1405 words - 6 pages


    Much of the criticism of Homer's Iliad is focused on the events of the story: the significance of the images, symbols, the role of the Greek Gods, the characters of the story. It seems that many of the critics have forgotten the very important role of Homer as the narrator of the events. His narration undermines the story. He is the medium through which the story is told.  Perhaps the ambiguity of not knowing exactly who Homer is, and the fact that it was an oral story long before it was written in the form it is today, is the cause of oversight of the narrative qualities of Homer's Iliad by many critics.
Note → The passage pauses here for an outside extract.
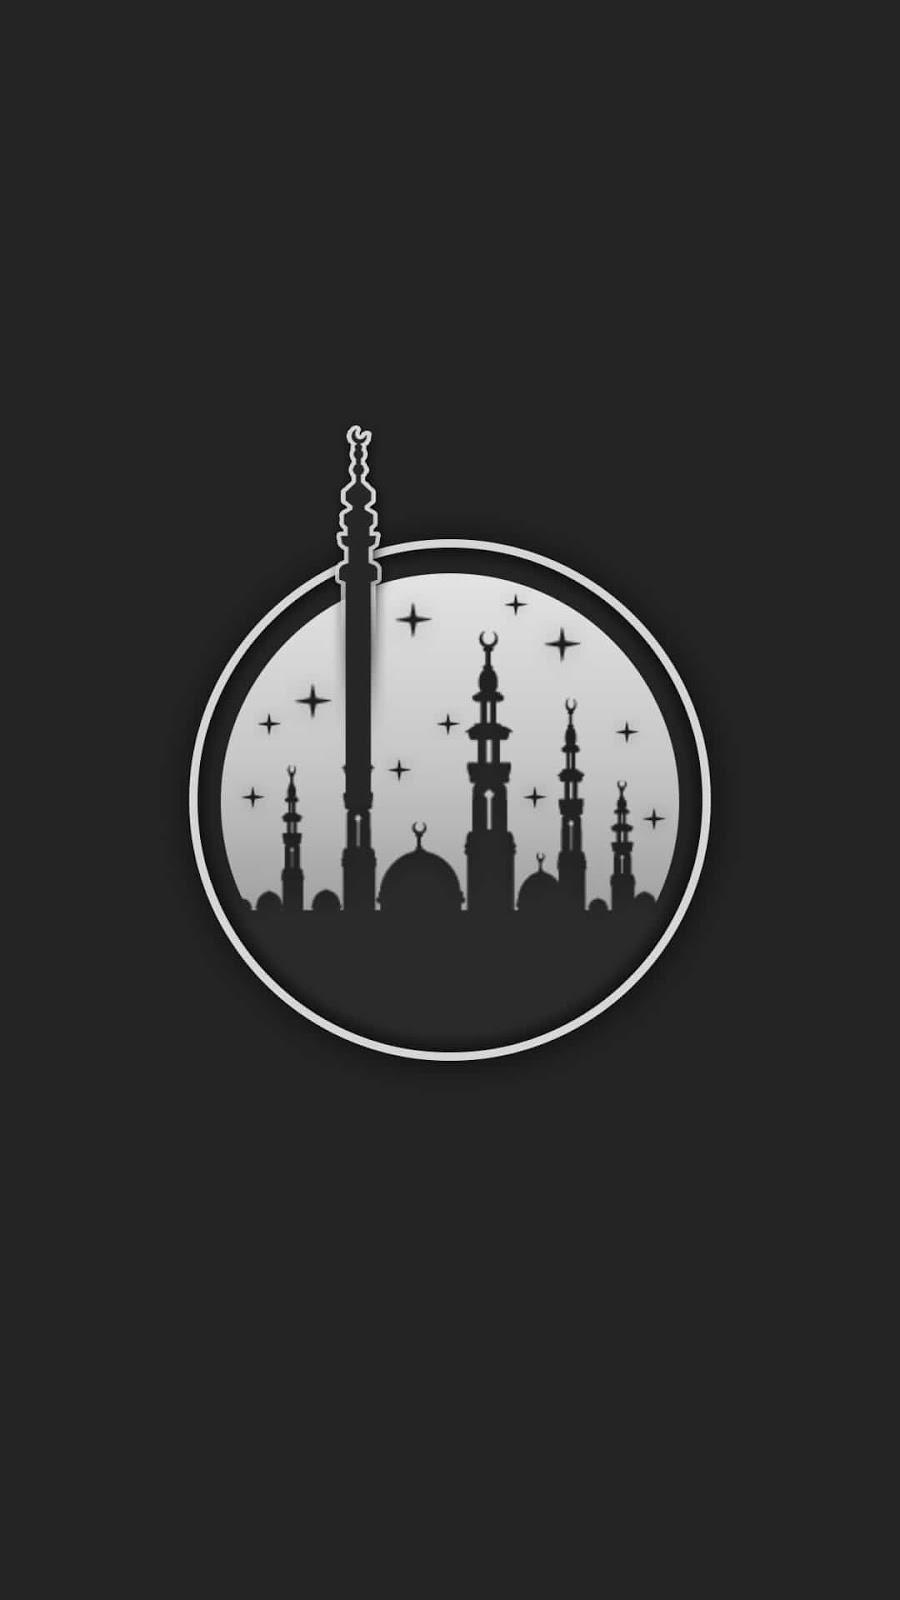 صور خلفيات اسلامية رائعة للهواتف الذكية 2020

The narration of the story has, however, been noted as a classic example of in medias res. "The term is derived from Horace, literally meaning `in the midst of things'. It is applied to the literary technique of opening a story in the middle of the action and then applying information about the beginning of the action through flashbacks and other devices for exposition" (Holman 247). This term only partially describes the narrative of The Iliad, and seldom do critics attempt to understand the reason behind the use of in medias res. A thorough description of the initial narrative act and the ideologies that determined the narrative act can be beneficial in interpreting the story. With the help of modern schools of criticism, it may be easier to describe his narrative act. There are many schools to choose from, as the recent number of them have increased dramatically in the last several decades (Miller 67). I will borrow some narrative concepts from the Formalists, who are more concerned with the structure of the text rather than the meanings of text. Then I will draw conclusions about the ideologies, "..The ways in which what we say and believe connects with the power structure and power-relations of the society [in which the narration, or author, of a story occurs]" (Eagleton 25). First, I must dispel the myth that Homer is, as Wayne C. Booth of the Chicago Aristotlians describes the different types of narrators, a "reliable" narrator. The story is not related by an omnicient, unbiased narrator. Homer is "present" or behind all of the words and judgements of the characters related in the story. Homer passes judgments on the events and characters of the story. Even though his presence in the story is never as blatant as using the self-referent "I" in the story, he does manage, at several points in the story, to remind us that he is present. For instance, he describes Achilles as "brilliant Achilles" (Fagles 98). The fact that Homer describes, indirectly, Achilles as "brilliant Achilles" shows that Homer admires the character of Achilles. We, as readers, take Homer's judgement to be "THE truth", but the real person Achilles (assuming he existed) may not have been "brilliant".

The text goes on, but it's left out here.